Crowdfunding has been fairly popular for years. For centuries, authors and publishers would advertise upcoming book projects to scope out the public’s interest. If enough people indicated they would buy the book once it was release, then it would be written and published. Nowadays, the Internet has become a key source in gathering funds for specific projects. Since the Internet has a global reach, the amount raised during crowdfunding campaigns has increased dramatically. The highest crowdfunding project, EOS – a blockchain operating system, raised over 4 billion and the product hadn’t even gone live yet. However, this reliance on money donated from consumers poses an issue for people who are campaigning; particularly if the project fails. While we acknowledge there are positives to crowdfunding, you should be cautious when proceeding with your campaign for a few reasons:
- You’ll have to work for your funding
The idea of putting your project on a crowdfunding website and having people donate sounds simple enough, but many people don’t realize how much work generating interest is. The reason many crowdfunding campaigns fail is because there is a lack of promotion of the product or service beforehand. People want to know what they’re going to invest their money in and if there’s no information available, then the chances of them donating is reduced greatly.
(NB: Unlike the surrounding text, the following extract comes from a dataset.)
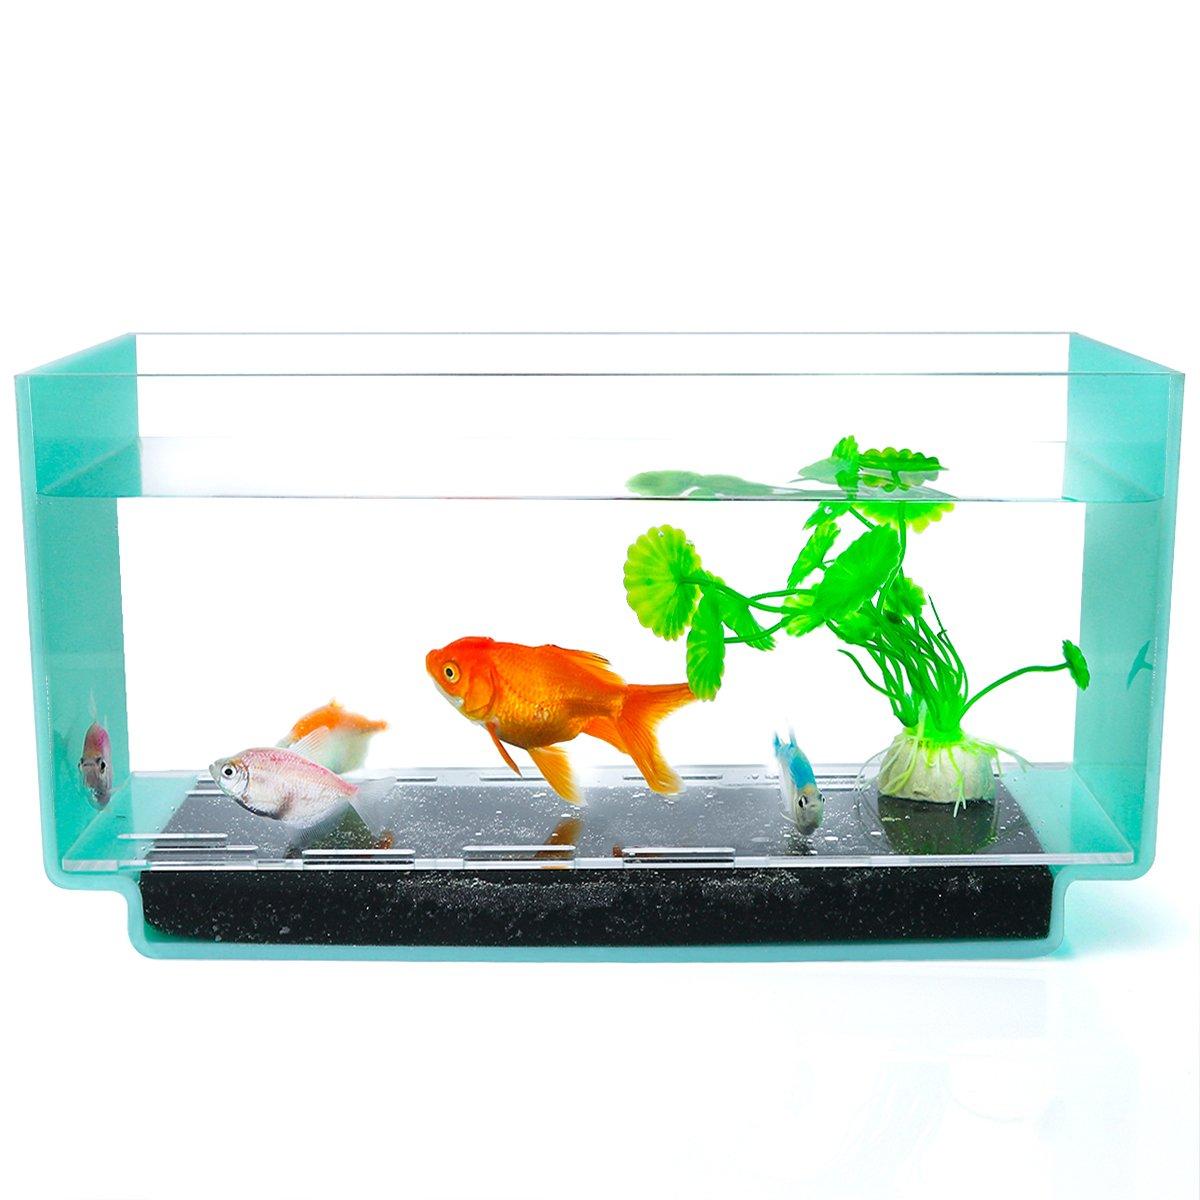 Amazon.com : 1.3 Gallon Fish Tank, Betta Aquarium Fish, Clear Fish ...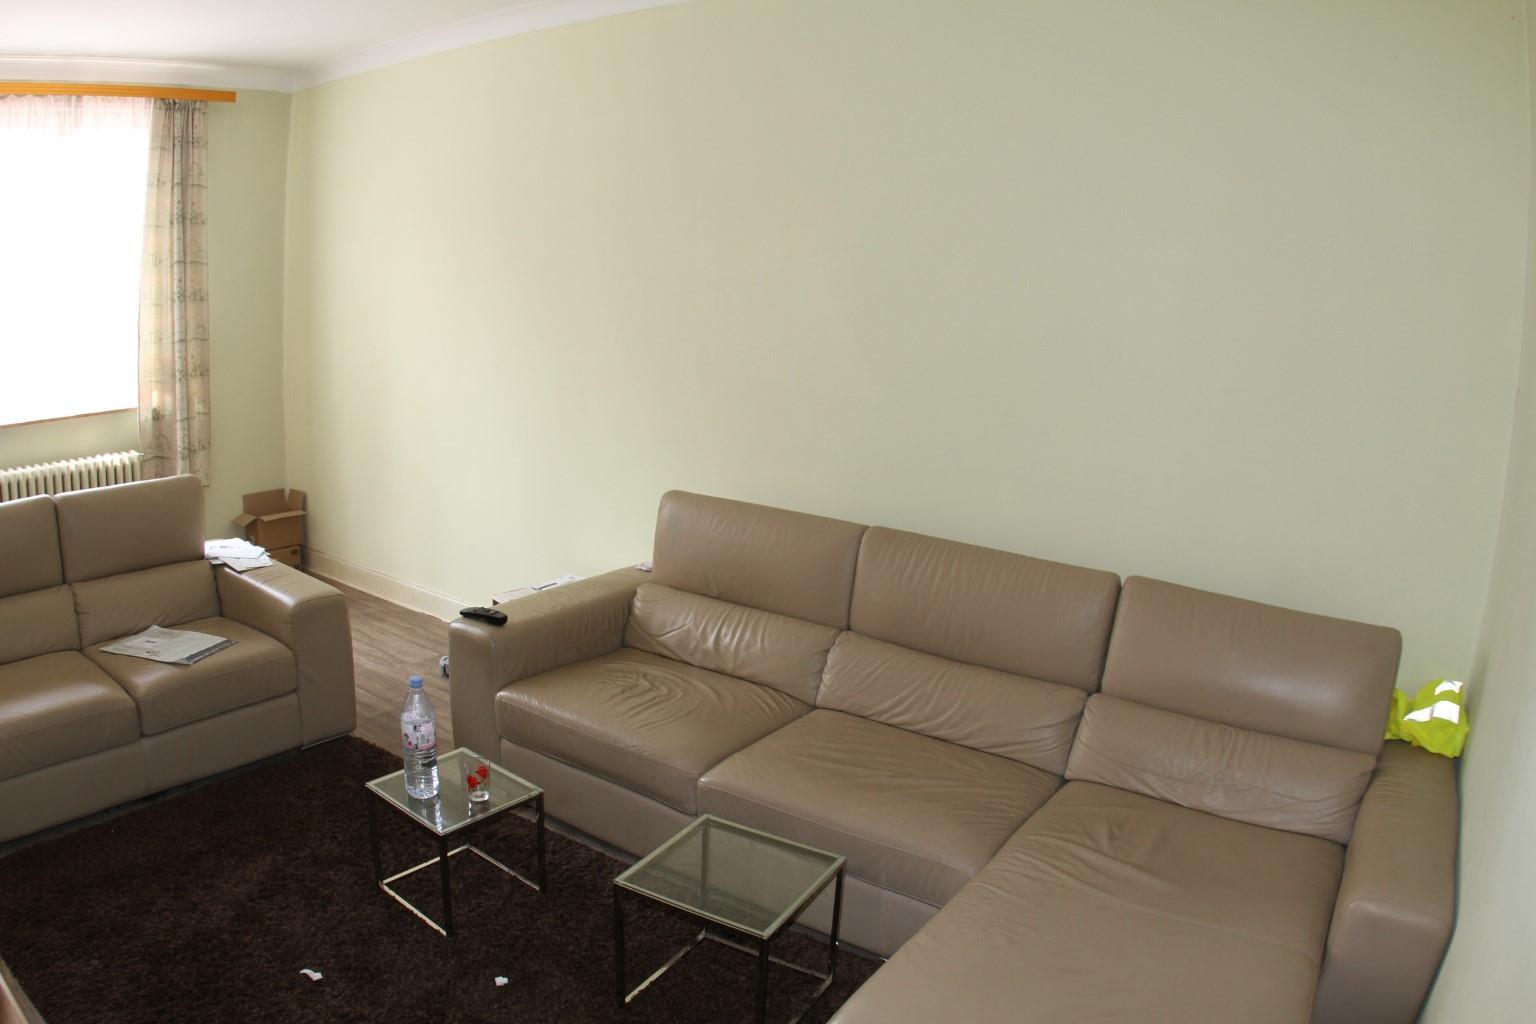 Bel-étage - Tubize - #2663760-8

Prior to the launch of your crowdfunding campaign, you’ll have to start building interest through word of mouth and social media platforms. This can take up a lot of your time, which may not be worth it if the campaign falls through.
- You risk damaging the reputation of your brand
Failure will undoubtedly affect your brand, after all people will hesitate to financially back someone again after witnessing them fail the first time. Your entire campaign will have to be well-thought out in order for it to reach your target amount, as people will be keeping an eye on your campaign to see if you achieve your goal. If it does fail, you’ll risk your brand’s reputation as your investors may lose interest and refuse to fund any of your future endeavours.
- Your funds are allocated, leaving little room for your project to grow
A lot of crowdfunding campaigns offer incentives for people who may be interested in funding the project. However, when the money gathered from the campaign is distributed to the production of your product and these incentives, you may be left with very little to help your business’s growth. Your project may take off quick enough to ensure future funding for your business, but there’s no guarantee it will happen. Before you even launch your crowdfunding campaign, you should calculate how much each incentive and the production of the project will cost and give yourself a little wiggle room for future growth.
- You’ll lose your funding if the target amount isn’t reached
It’s not uncommon for a crowdfunding campaign to fall short of its goal. In fact, 60% of campaigns don’t get funded and very few make more than what their targeted amount was. For those who don’t reach their targeted amount, the money that has been graciously donated will be returned to those who invested in the idea, and you will walk away with nothing. It’s certainly a risk considering the amount of time you should be putting into your crowdfunding campaign, and you’ll be left with the decision on whether you want to start all over again.
Overall, the concept of crowdfunding is incredibly appealing. It seems like a good way for you to receive funding for any inspiring idea you may have. Yet, it’s certainly not as simple as it looks. Crowdfunding takes time and a lot of careful consideration. Before you launch your project on a crowdfunding site, you should draw up a plan which will cover the duration of your campaign and how you will follow through once the project has been funded.